On Sun, Aug 07, 2016 at 10:30:48AM -0700, Andrew Pinski wrote:
> On Mon, Jun 6, 2016 at 3:19 AM, Jan Hubicka <hubicka@ucw.cz> wrote:
> > Hi,
> > while looking into profile mismatches introduced by the backward threading pass
> > I noticed that the heuristics seems quite simplistics.  First it should be
> > profile sensitive and disallow duplication when optimizing cold paths. Second
> > it should use estimate_num_insns because gimple statement count is not really
> > very realistic estimate of final code size effect and third there seems to be
> > no reason to disable the pass for functions optimized for size.
> >
> > If we block duplication for more than 1 insns for size optimized paths the pass
> > is able to do majority of threading decisions that are for free and improve codegen.
> > The code size benefit was between 0.5% to 2.7% on testcases I tried (tramp3d,
> > GCC modules, xlanancbmk and some other stuff around my hd).
> >
> > Bootstrapped/regtested x86_64-linux, seems sane?
> >
> > The pass should also avoid calling cleanup_cfg when no trheading was done
> > and i do not see why it is guarded by expensive_optimizations. What are the
> > main compile time complexity limitations?
> 
> This patch caused a huge regression (~11%) on coremarks on ThunderX.
> I assume other targets too.
> Basically it looks like the path is no longer thread jumped.

This also caused:

FAIL: gcc.dg/tree-ssa/pr69270-3.c scan-tree-dump-times uncprop1 ", 1" 4

  Failures:
	gcc.dg/tree-ssa/pr69270-3.c
	
  Bisected to: 

  Author: hubicka
  Date:   Sun Aug 7 10:50:16 2016 +0000

    	* tree-ssa-threadbackward.c: Include tree-inline.h
    	(profitable_jump_thread_path): Use estimate_num_insns to estimate
    	size of copied block; for cold paths reduce duplication.
    	(find_jump_threads_backwards): Remove redundant tests.
    	(pass_thread_jumps::gate): Enable for -Os.
    	* gcc.dg/tree-ssa/ssa-dom-thread-7.c: Update testcase.

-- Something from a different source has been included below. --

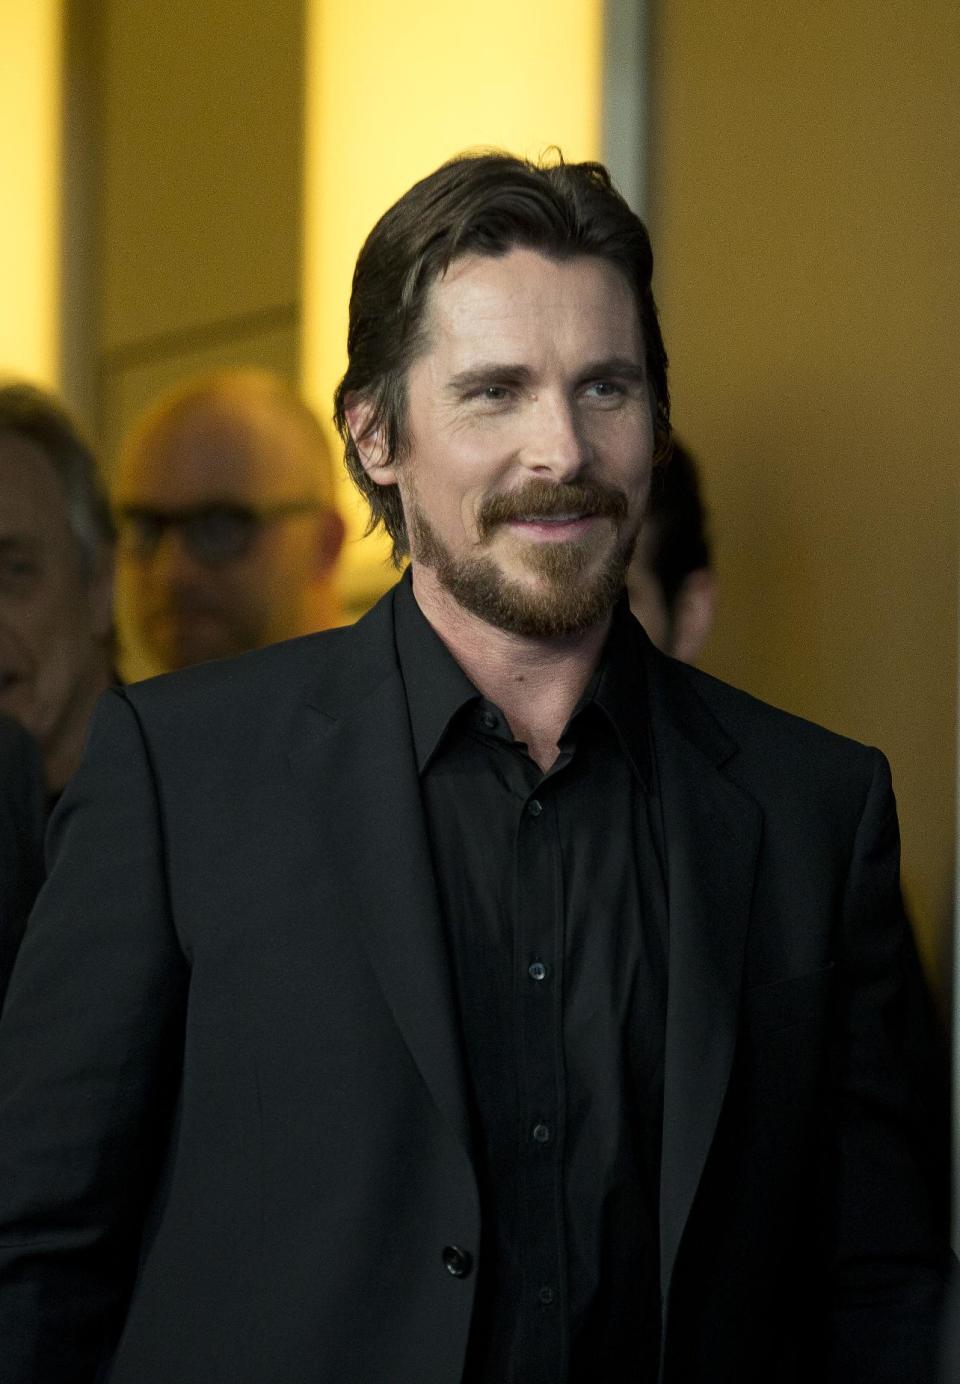 Actor Christian Bale jokingly arrives at the photo call for the film American Hustle during the International Film Festival Berlinale, in Berlin, Friday, Feb. 7, 2014. (AP Photo/Axel Schmidt)

  svn+ssh://gcc.gnu.org/svn/gcc/trunk@239219 

On my aarch64-none-linux-gnu and x86_64-none-linux-gnu automatic bisect
robots.

Thanks,
James

^ permalink raw reply	[flat|nested] 10+ messages in thread

* Re: backward threading heuristics tweek
  2016-08-07 17:31 ` Andrew Pinski
  2016-08-08  8:29   ` James Greenhalgh
@ 2016-08-11 11:35   ` Jan Hubicka
  2016-08-12 15:07     ` James Greenhalgh
  1 sibling, 1 reply; 10+ messages in thread
From: Jan Hubicka @ 2016-08-11 11:35 UTC (permalink / raw)
  To: Andrew Pinski; +Cc: Jan Hubicka, Jeff Law, GCC Patches

> On Mon, Jun 6, 2016 at 3:19 AM, Jan Hubicka <hubicka@ucw.cz> wrote:
> > Hi,
> > while looking into profile mismatches introduced by the backward threading pass
> > I noticed that the heuristics seems quite simplistics.  First it should be
> > profile sensitive and disallow duplication when optimizing cold paths. Second
> > it should use estimate_num_insns because gimple statement count is not really
> > very realistic estimate of final code size effect and third there seems to be
> > no reason to disable the pass for functions optimized for size.
> >
> > If we block duplication for more than 1 insns for size optimized paths the pass
> > is able to do majority of threading decisions that are for free and improve codegen.
> > The code size benefit was between 0.5% to 2.7% on testcases I tried (tramp3d,
> > GCC modules, xlanancbmk and some other stuff around my hd).
> >
> > Bootstrapped/regtested x86_64-linux, seems sane?
> >
> > The pass should also avoid calling cleanup_cfg when no trheading was done
> > and i do not see why it is guarded by expensive_optimizations. What are the
> > main compile time complexity limitations?
> 
> This patch caused a huge regression (~11%) on coremarks on ThunderX.
> I assume other targets too.
> Basically it looks like the path is no longer thread jumped.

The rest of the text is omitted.